Doğan ile Güney'in tanışıklıkları "fi tarihine" uzanır.
***
Aydın Doğan, Ülkü Güney'in "minicik oğlunu" çok severmiş:
- Naci Güçlü, oku, baban gibi büyük adam ol... Senin nikahında şahitlik yapacağım.
Yıllar geçmiş aradan.
Naci Güçlü büyümüş, evlilik yaşına gelmiş.
"Baba ile oğul" Güneyler, nikâh davetiyesini Aydın Doğan'a göndermişler.
***
Düğün tarihi yaklaşınca "davetlilerden" mazeret bildirenler olmuş.
Örneğin "Cumhurbaşkanı Abdullah Gül." Örneğin "Kırgızistan gezisi nedeniyle düğünde bulunamayacak olan Köksal Toptan." Örneğin "Bakü' den dönemediği için Cemil Çiçek."
***
Ülkü Güney "davetiye yolladıklarını" aramaya başlamış.
Aradıklarından biri de Aydın Doğan.
Aydın bey demiş ki:
- Ülkü, daha çocukken Naci Güçlü' ye söz verdim... Düğüne elbette geleceğim.
- Ama bana karşı açık ol... Benim gelişim eğer sana bir sıkıntı verecekse söyle... Alınmam, gücenmem.
- Sayın Başbakan senin genel başkanındır... Şeref konuğundur... Benim bulunmamın sana en ufak zararı dokunacaksa buna üzülürüm.
***
Ülkü Güney:
- O nasıl söz öyle Aydın bey?.. Bu bir düğün... Düğün dostlar arasında olur... Başımın üstünde yeriniz var.
- Bak Ülkü, biz hemşehriyiz, kardeş sayılırız... Sen sıkıntıya girme.
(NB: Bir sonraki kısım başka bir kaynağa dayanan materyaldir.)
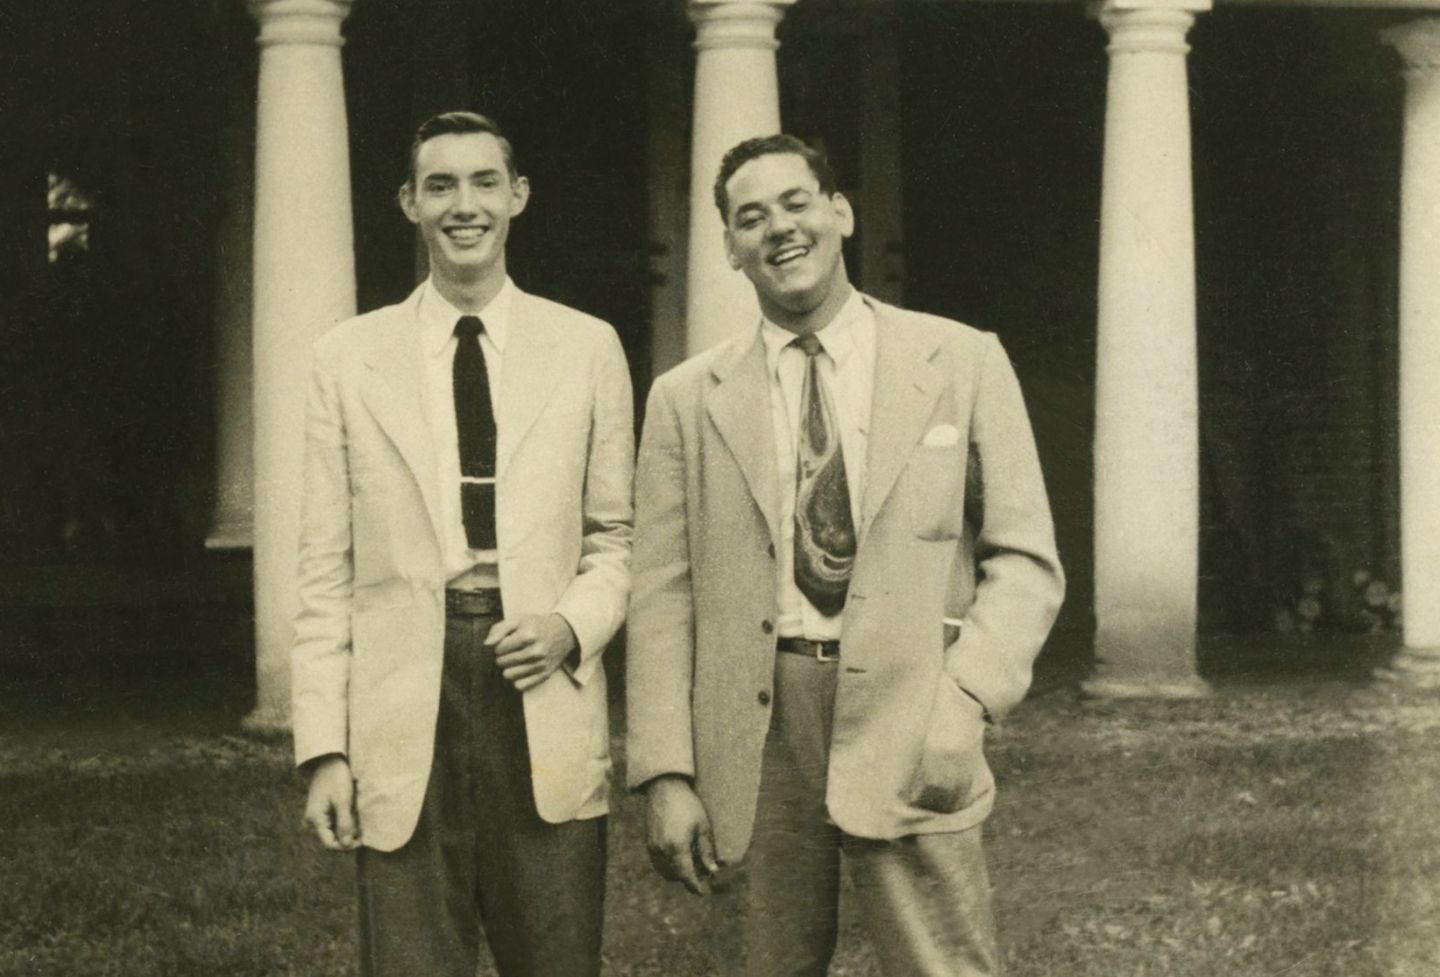 Gregory Swanson, right, on the University of Virginia Lawn

- Öyle şey olur mu Aydın bey... Ama madem ısrarla söylüyorsunuz, izin verin, ben sayın Başbakan'a sorayım.
Ülkü Güney ertesi gün Başbakan'ı aramış:
- Efendim, Aydın bey benim aile dostum, hemşehrim.
- Düğüne onu da davet ettim.
- Aydın bey hassas insan... Dedi ki: Ülkü, gelişim sana sıkıntı olacaksa söyle.
***
Başbakan Erdoğan:
- Ülkü bey düğün senin düğünün... Elbette eşini, dostunu çağıracaksın... Bir dostun olarak ben de düğünde olacağım... Aydın beyi davet etmen neden bir sorun veya sıkıntı olsun?
***
"Sonrasını" biliyorsunuz. Başbakan ile Aydın bey "yan yana oturdular." Birlikte "tanıklık" yaptılar. "Kalem aldılar, kalem verdiler."
***
Ertesi akşam Başbakan ile Ülkü Güney "Murat Başesgioğlu'nun oğlu Çağrı'nın düğününde" karşılaştılar.
- Sayın Başbakanım bugünlerde düğün düğün dolaşıyorsunuz.
- Evet öyle oluyor... Ülkü bey seni tekrar kutluyorum... Allah Çağla ile Naci Güçlü'yü mutlu etsin.
- Sağ olun sayın Başbakanım... Gelişiniz bizim için büyük şerefti.